J.B. À votre avis, existe-t-il une différence significative entre les différents
secteurs de l’économie québécoise, par exemple, entre la fonction
publique et la fonction privée, en matière d’éthique professionnelle?
G-A. L. Avant tout, distinguons l’éthique professionnelle des organisations
de celle qui, prise au sens fort du terme, concerne la personne qui est
membre d’un Ordre professionnel. L’Ordre professionnel, en tant que
« créature » juridique depuis plus de 20-30 ans, a rendu la pensée des
professionnels conforme, ce qui fait que les gens pensent de la même
manière. L’éthique professionnelle est alors vue uniquement comme
un droit, des normes et des contraintes déontologiques. Cette façon
de concevoir l’éthique a eu comme conséquence, la réduction de
l’aspect valoriel de la profession et elle a créé une approche de la
déontologie du commandement où les gens ont peur de leur syndic.
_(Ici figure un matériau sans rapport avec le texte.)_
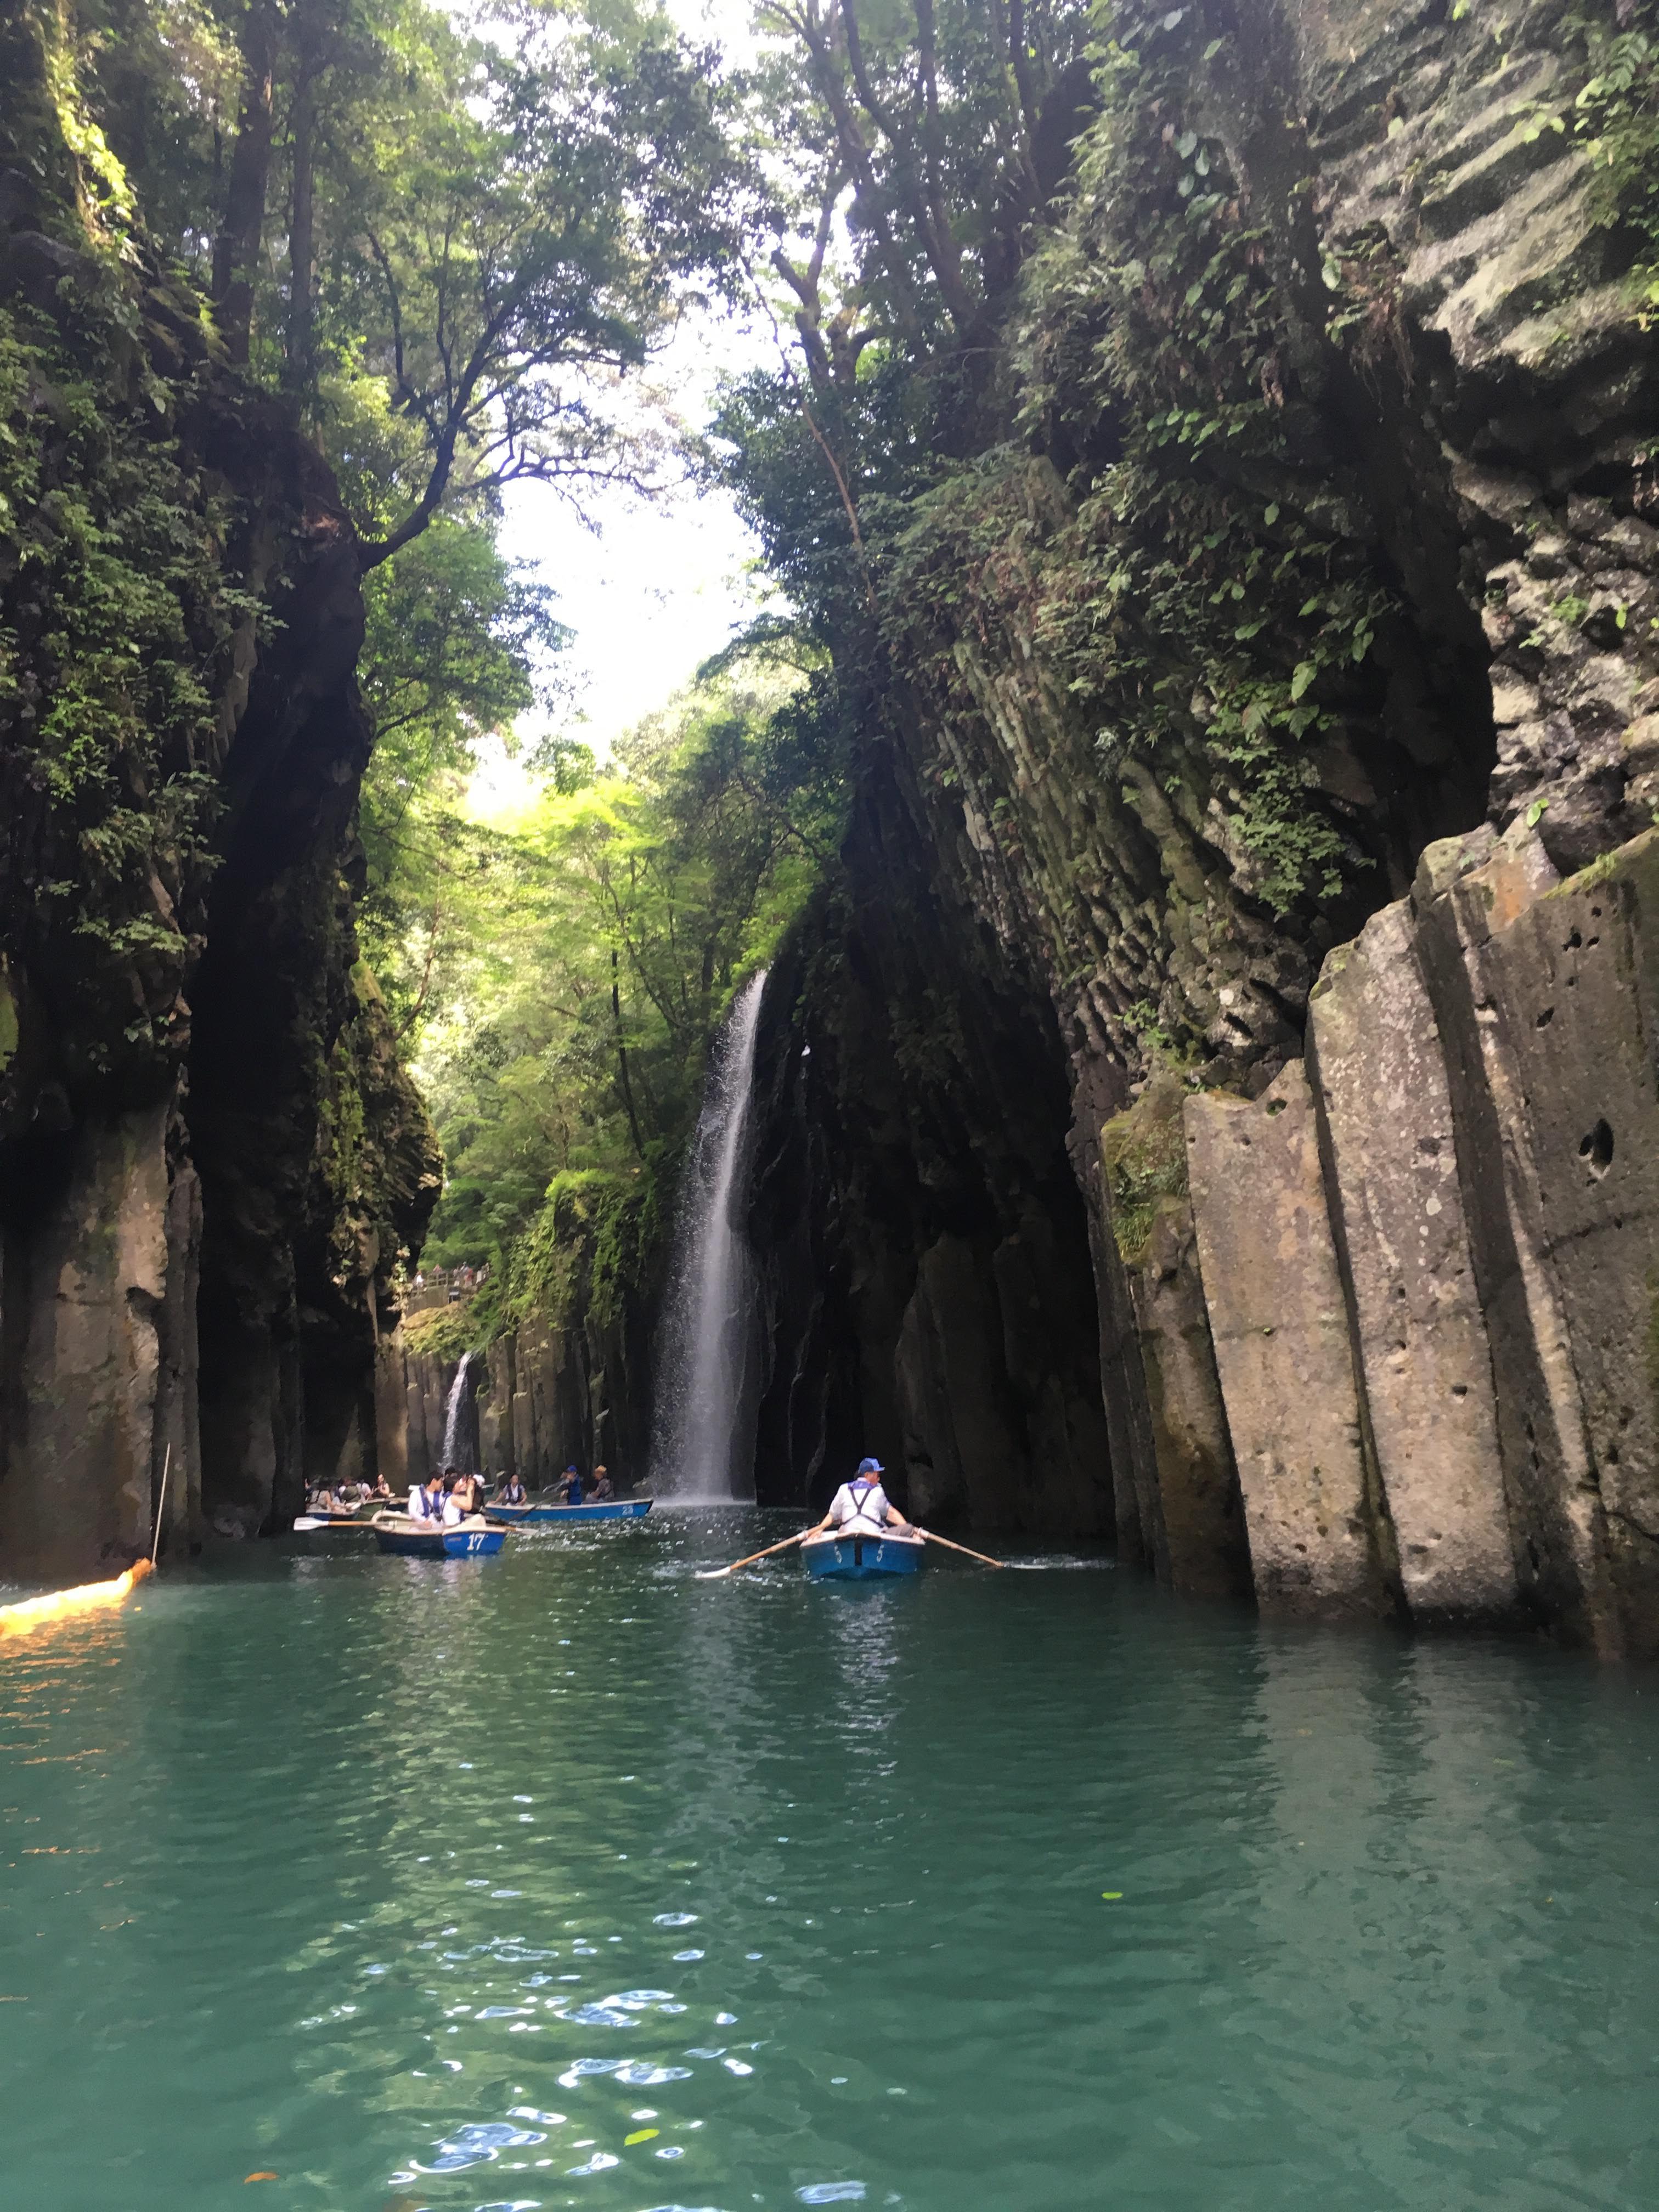 高千穂峡。日本の滝百選の一つである、真名井の滝

En ce qui concerne l’éthique dans la fonction publique ou l’entreprise
privée, il y a un écart considérable. Pourquoi? D’une part, parce que,
dans la première, il se vit une crise d’identité importante. Jadis, le
fonctionnaire avait une identité forte, car c’était un idéal d’être au
service de la population. Cette identité reposait sur des valeurs. De
nos jours, le fonctionnaire n’a plus d’identité, il ne possède plus les
valeurs structurantes requises par une identité collective. Donc, on vit
un problème du « vivre ensemble » collectif des fonctionnaires qui
sont en perte d’identité, de références communes et de valeurs
partagées. Par conséquent, les valeurs organisationnelles doivent se
redéfinir au niveau de la fonction publique.
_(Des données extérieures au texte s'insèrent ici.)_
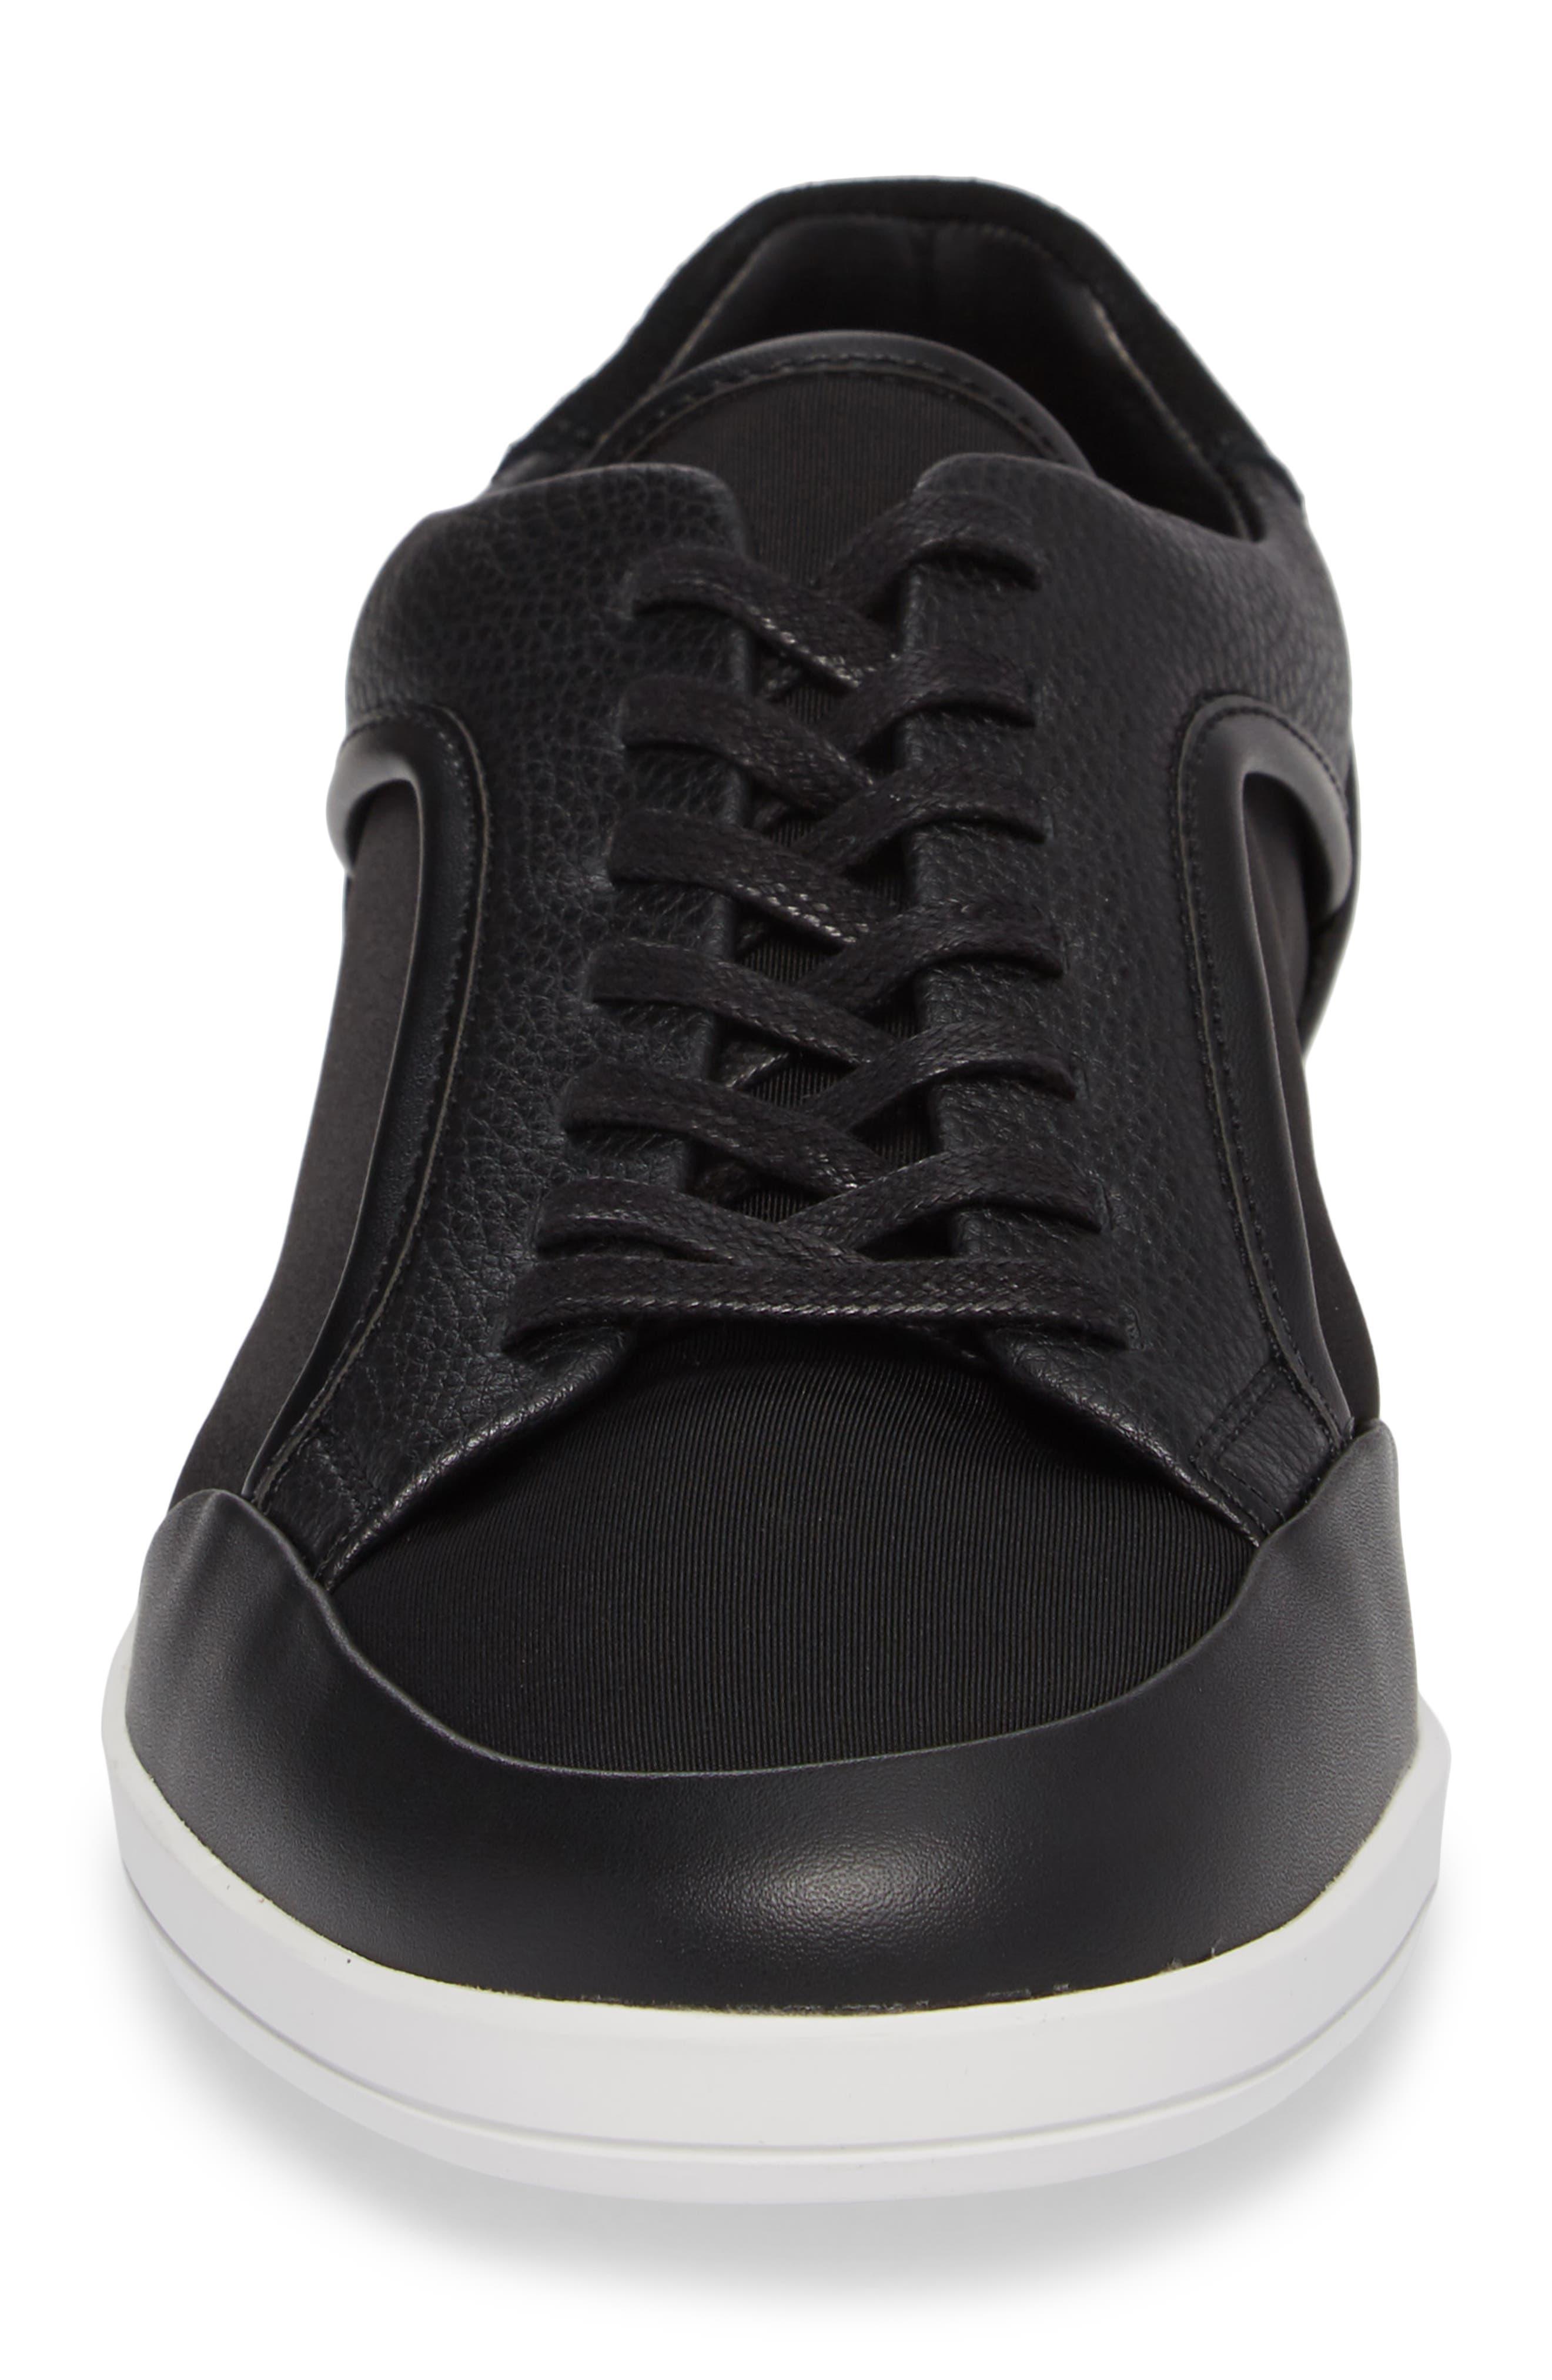 Masen Sneaker,                             Alternate thumbnail 4, color,                             001

D’autre part, la mission de l’entreprise privée change. Auparavant, elle
ne produisait que des biens matériels. De nos jours, elle se dirige de
plus en plus vers les services à la clientèle. Avec cette transformation,
le discours de l’éthique dans l’entreprise doit être revu et orienté vers
des préoccupations de responsabilité sociale. On reconstruit une
identité de l’entreprise privée, tandis que la fonction publique est en
perte d’identité. De ce fait, la conception de l’éthique dans la fonction
publique et privée est assez partagée, même si, dans chacun des cas, le
thème de la responsabilité sociale est de plus en plus à l’avant-scène.